My Lords, these amendments are a little more complicated. I am not sure that I understand this myself, I concede to the Minister. They address the issue of employees giving information to the Competition Commission, in this case during the course of anti-trust cases. As I understand it, Clause 33 provides, in secret price-fixing cases for example, powers to ask questions of the employees about the undertakings concerned.
By definition, the actual knowledge of price-fixing will be confined to a few relatively senior people—directors of the company or their senior managers or agents. However, it is the nature of an enterprise that people get to know these things one way or another. Sometimes, indeed, employees who themselves may be quite high up but not immediately responsible for the area get to know about it, or it could be a secretary or a clerk in the finance department, or whatever. They might volunteer the information, or at least respond once the investigators are on the case. The investigators would be using the powers within this clause, and they may get information voluntarily or from pressing a junior employee to say something that, frankly, was damaging, or would be seen as damaging, to the position of the company that had been carrying out the price-fixing, bid-rigging or whatever.

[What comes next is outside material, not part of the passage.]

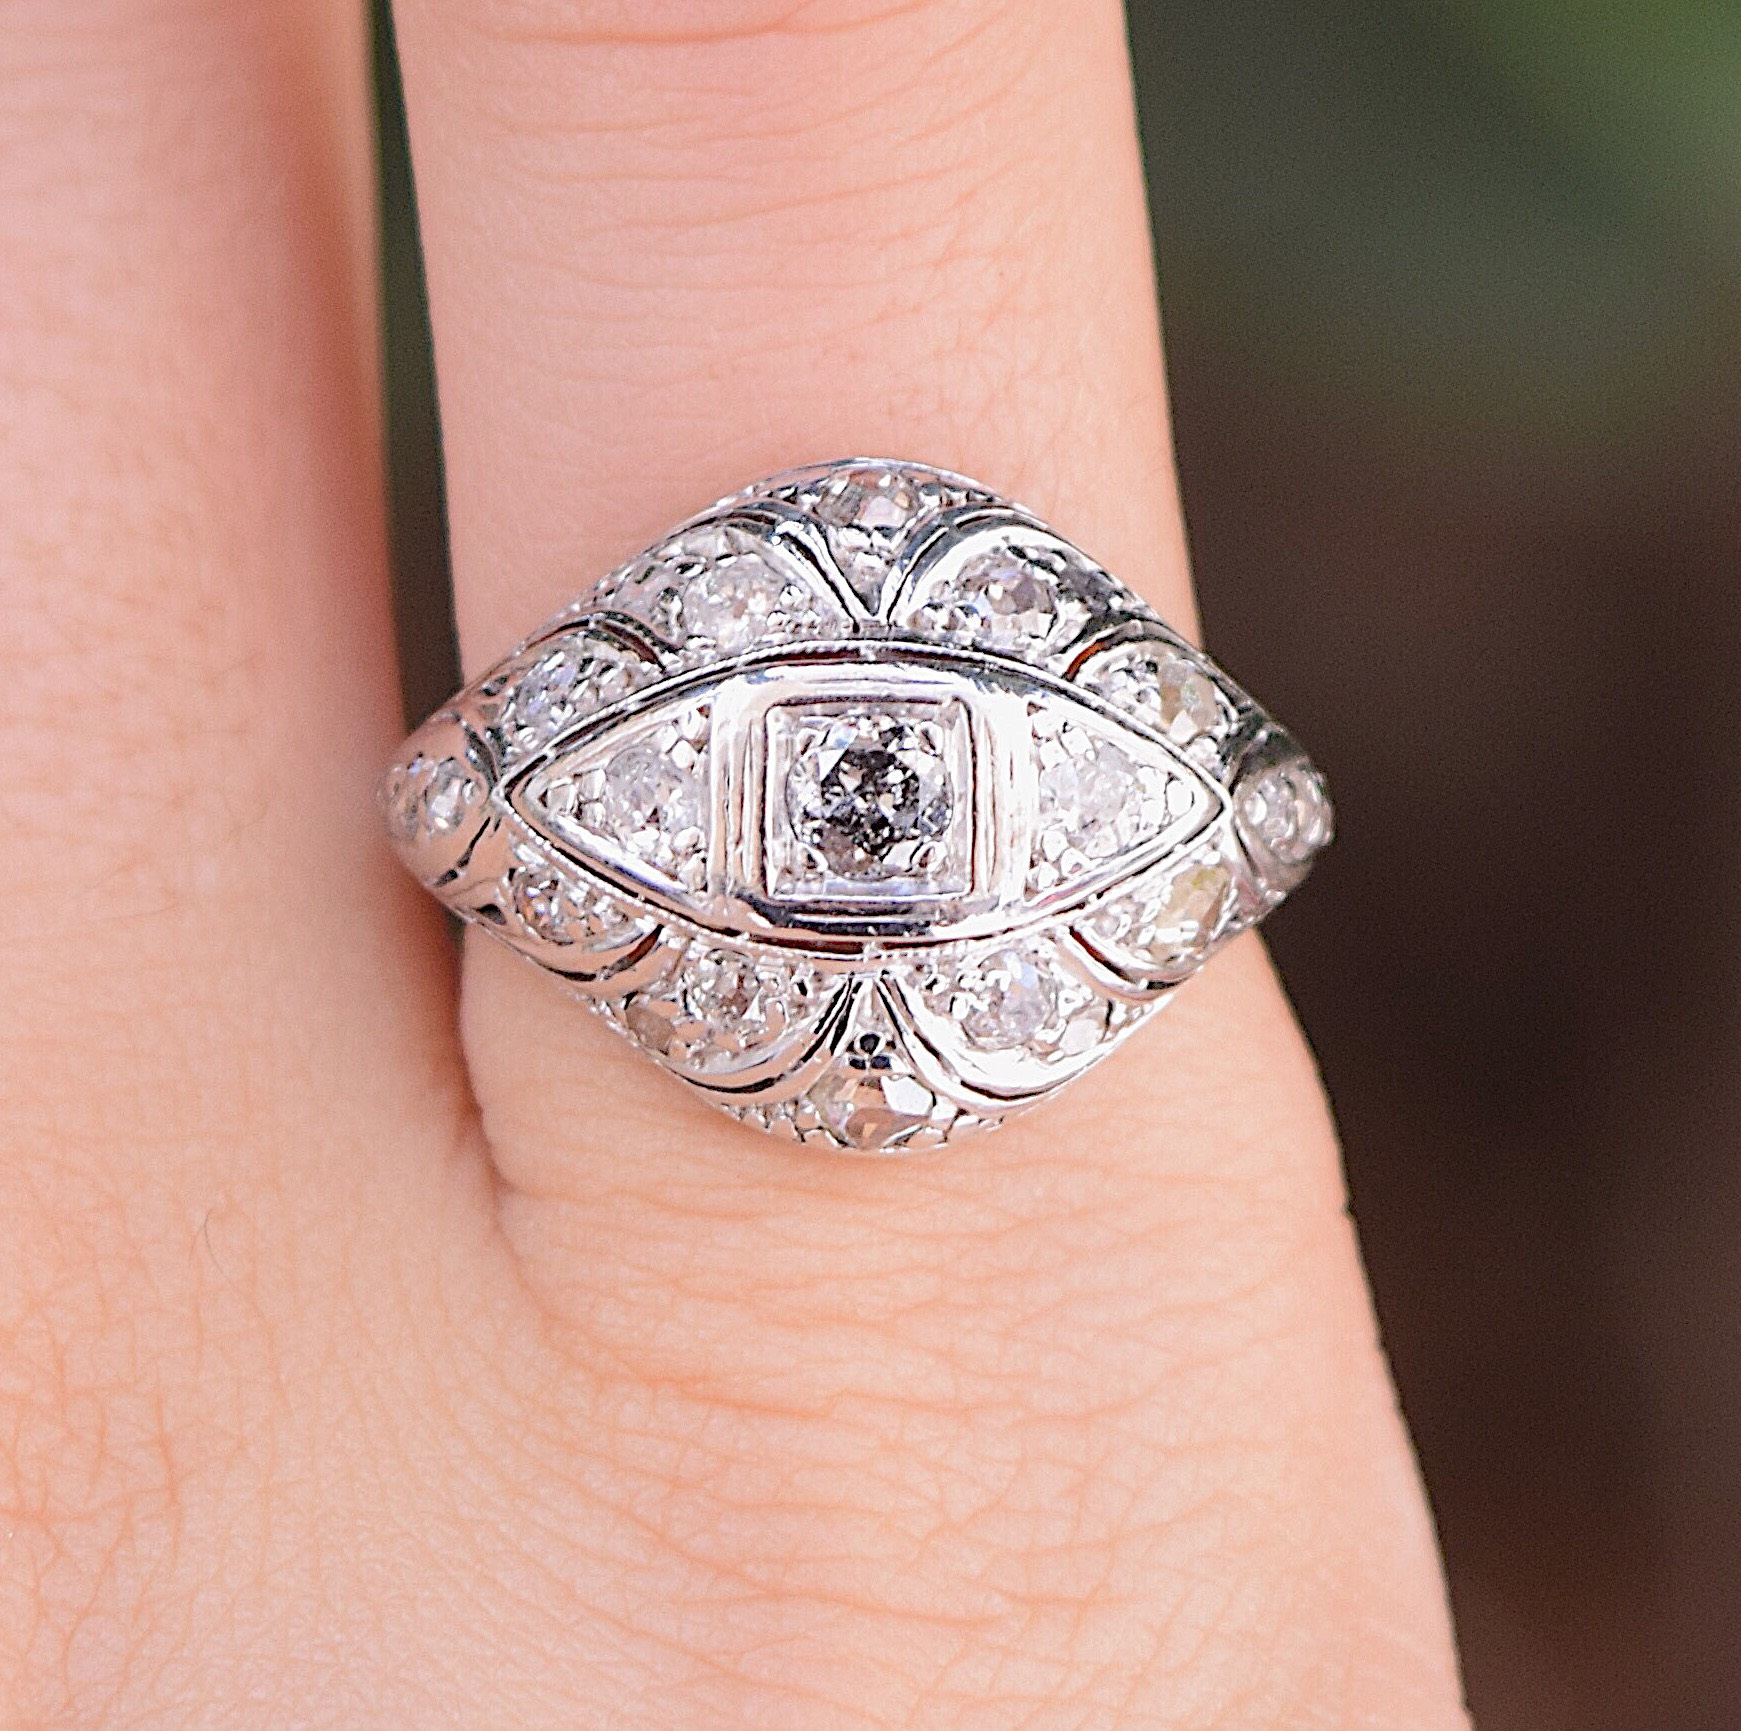 טבעת אר-דקו , זהב 14k עם יהלומים.

The changes proposed in my amendments would try to ensure that those employees, of whatever status, who give or volunteer information have at least as much protection as in the Employment Rights Act provisions for whistleblowers. It is therefore important that this is put beyond doubt, so this is effectively a “for the avoidance of doubt” clause. Otherwise the investigation may itself be inhibited on the one hand because people will not come forward with information, while on the other hand it could mean that individuals are prosecuted for breach of commercial confidence or, if they have refused information, are themselves prosecuted individually, rather than the company or the senior management or directors concerned, for failure to provide that information. I accept that there may be better ways of doing this but I am anxious that such people, as well as the investigation, should be protected by some clarification here. I beg to move.
My noble friend Lord Whitty has tabled a very valuable amendment here. It is most important that any employee who public-spiritedly, and in the public interest, discloses information that he has from his employment that may indicate some illegality on the part of his employer or senior employees must be protected. The Public Interest Disclosure Act is now embodied in the Employment Rights Act, which we discussed at an earlier stage, and it is most important that nothing be done elsewhere in the Bill that would damage that protection.

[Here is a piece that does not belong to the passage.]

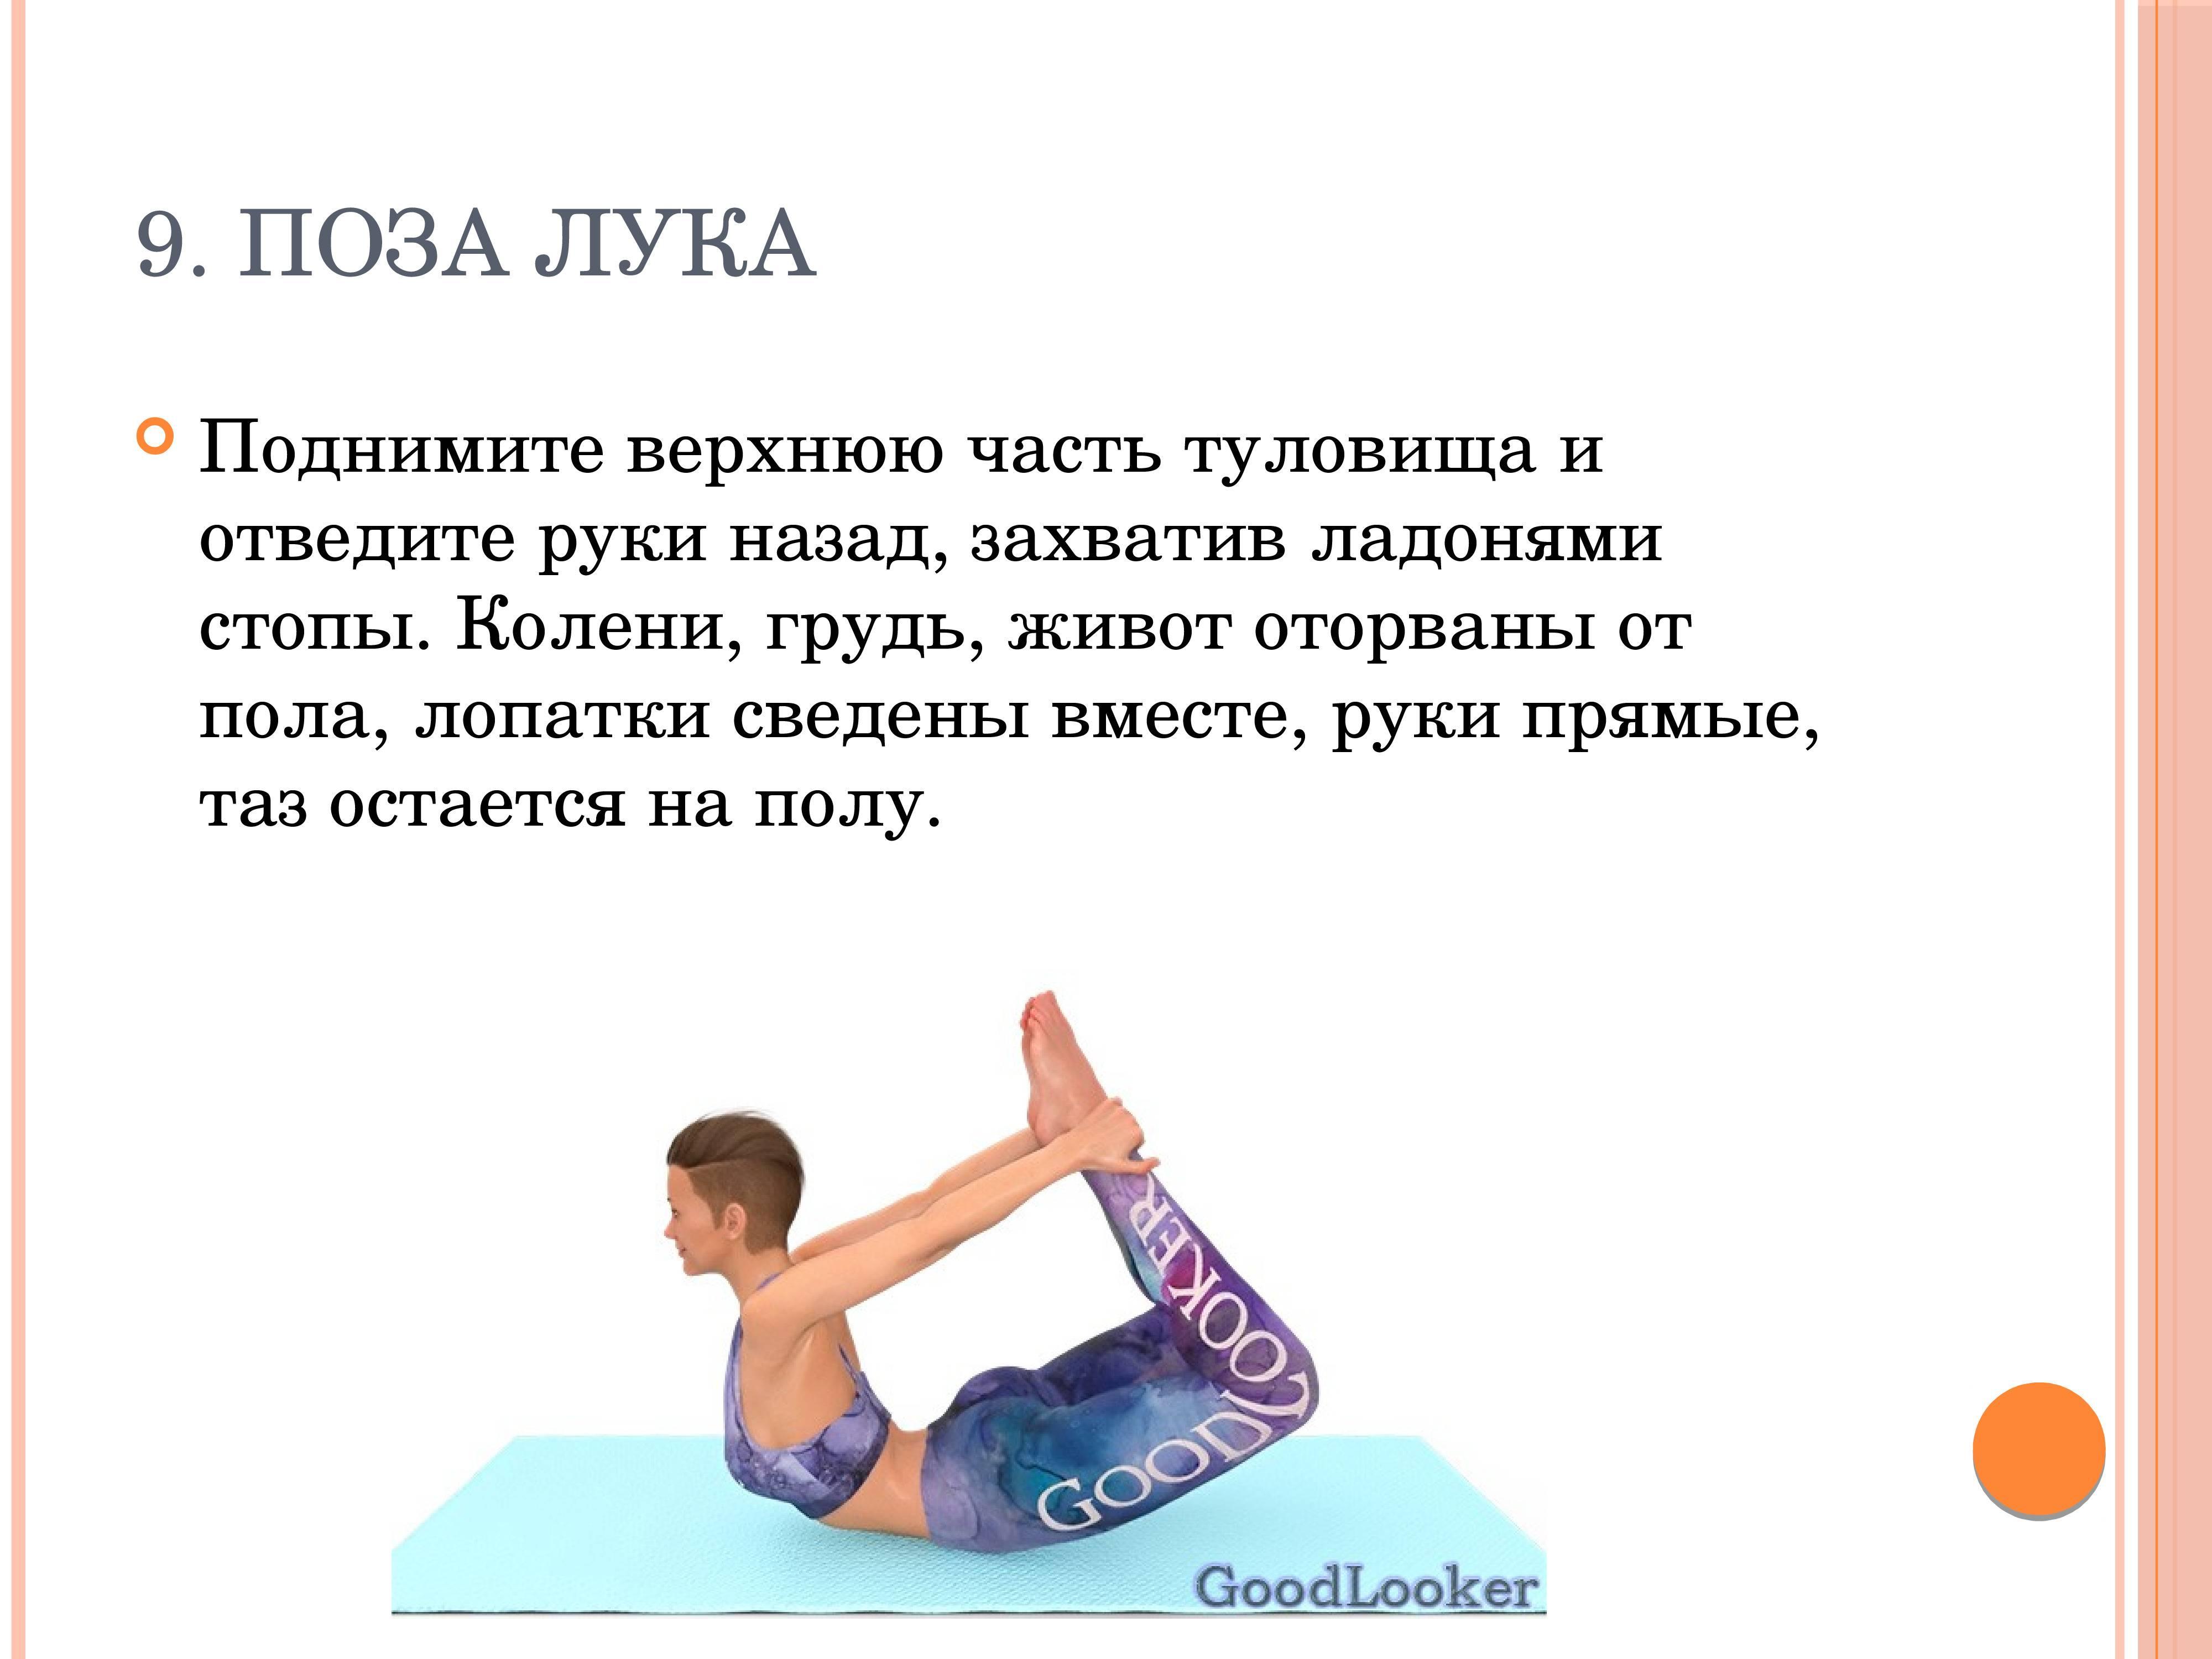 Йога для улучшения осанки

In some countries—in the United States, for example—employees and others get what is called a leniency benefit. They may have had some guilt themselves in knowing about an illegality that their firm was committing, but they may get leniency by informing the powers that be of what that illegality is. This provision does not go as far as that; I bring that point up only to make it clear that in some countries the protection given to the whistleblower is even better than in ours. Our protection is good and is embodied in the Bill, and the amendment that my noble friend wants to introduce would ensure that that protection existed.